▶ **Your instructions**
The required output is the stretch from the line containing "The Forum exterior" through the line containing "Guide To Installing" in the records below, unaltered and with no pictures.

::: Data shown :::

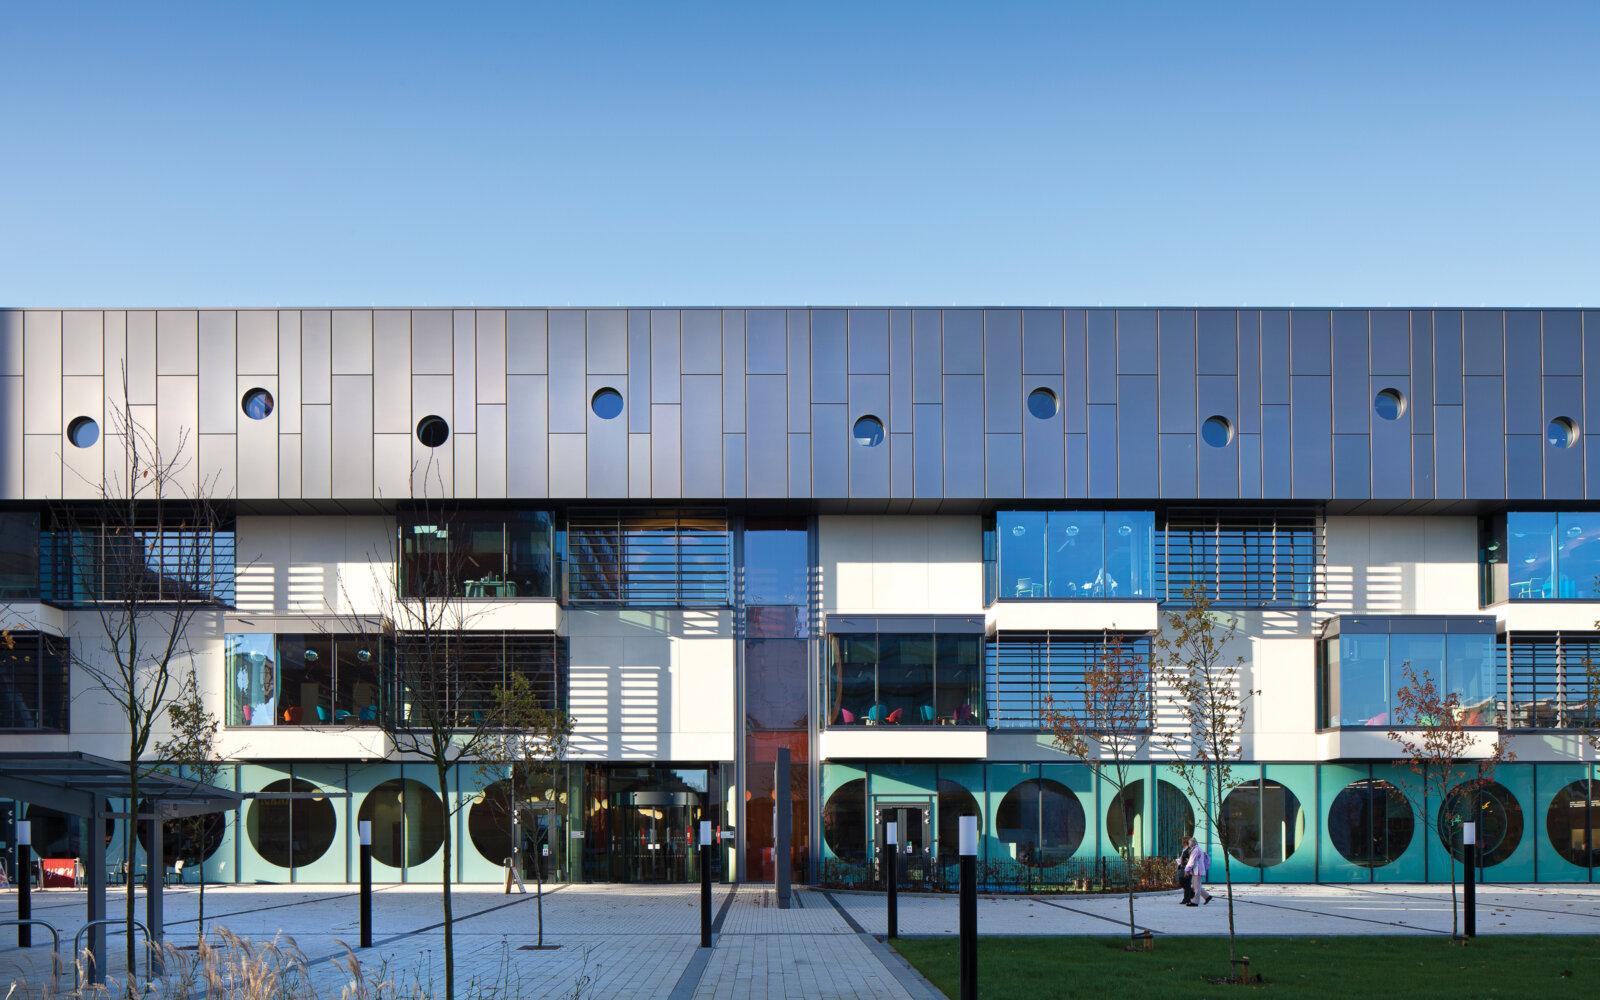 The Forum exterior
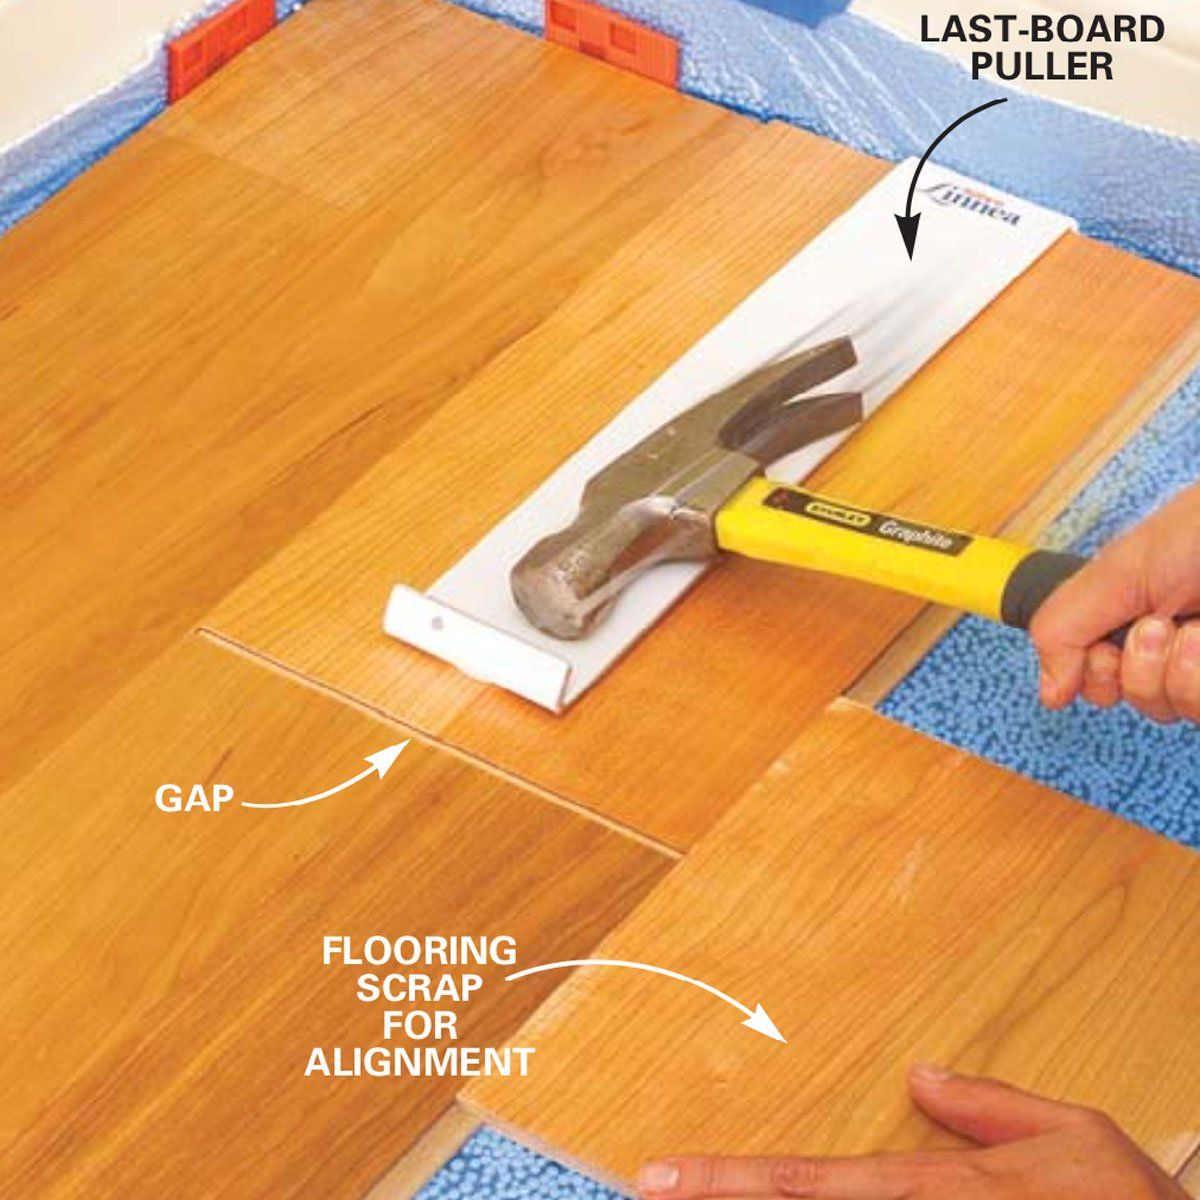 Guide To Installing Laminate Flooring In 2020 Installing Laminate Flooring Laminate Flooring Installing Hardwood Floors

:::
::: Data shown :::

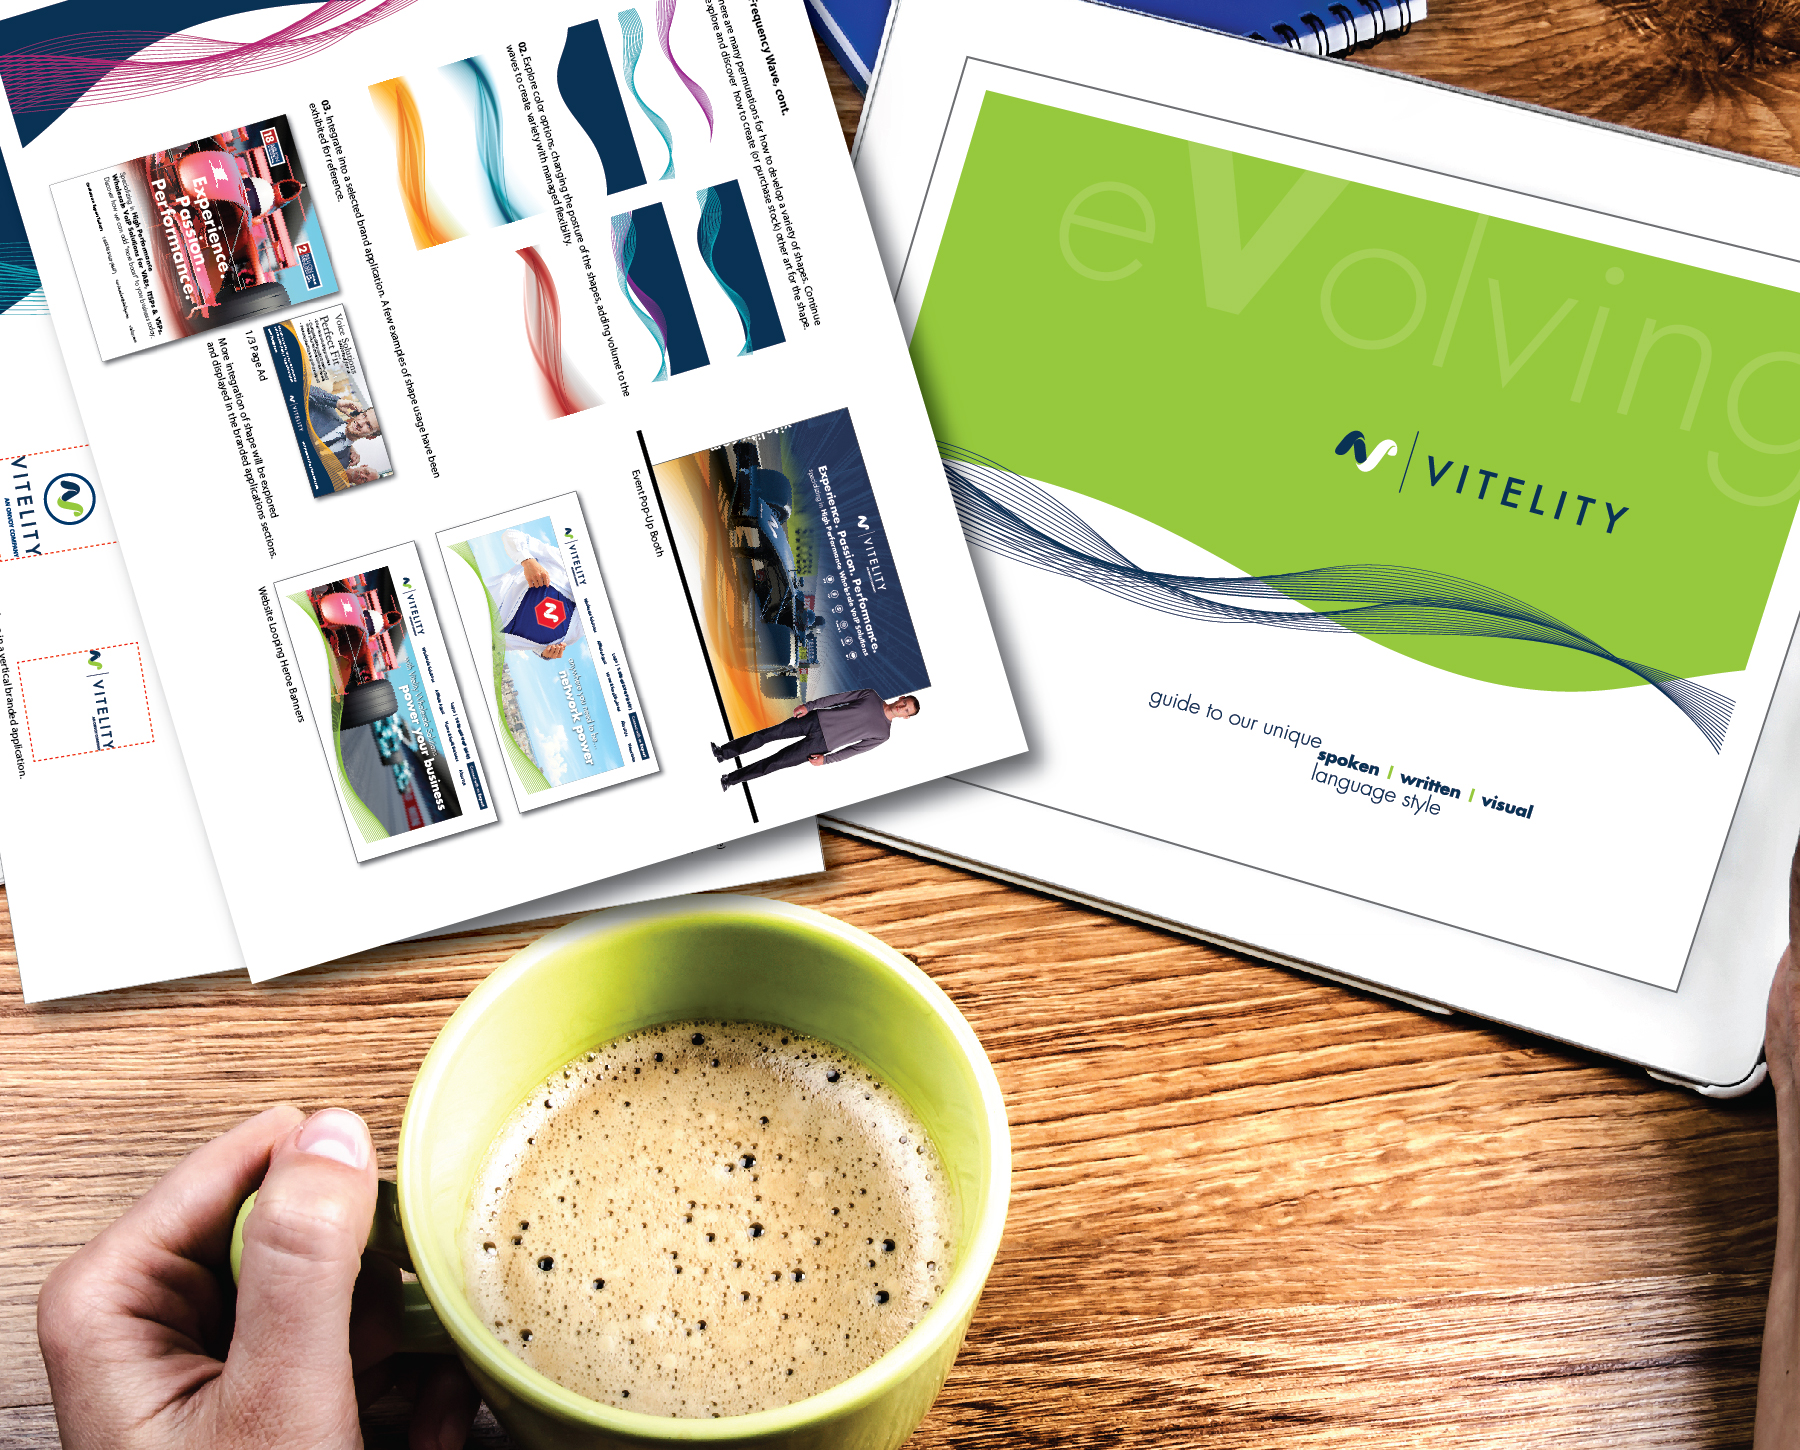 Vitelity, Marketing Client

:::

▶ **Result below**
 The Forum exterior
 Guide To Installing Laminate Flooring In 2020 Installing Laminate Flooring Laminate Flooring Installing Hardwood Floors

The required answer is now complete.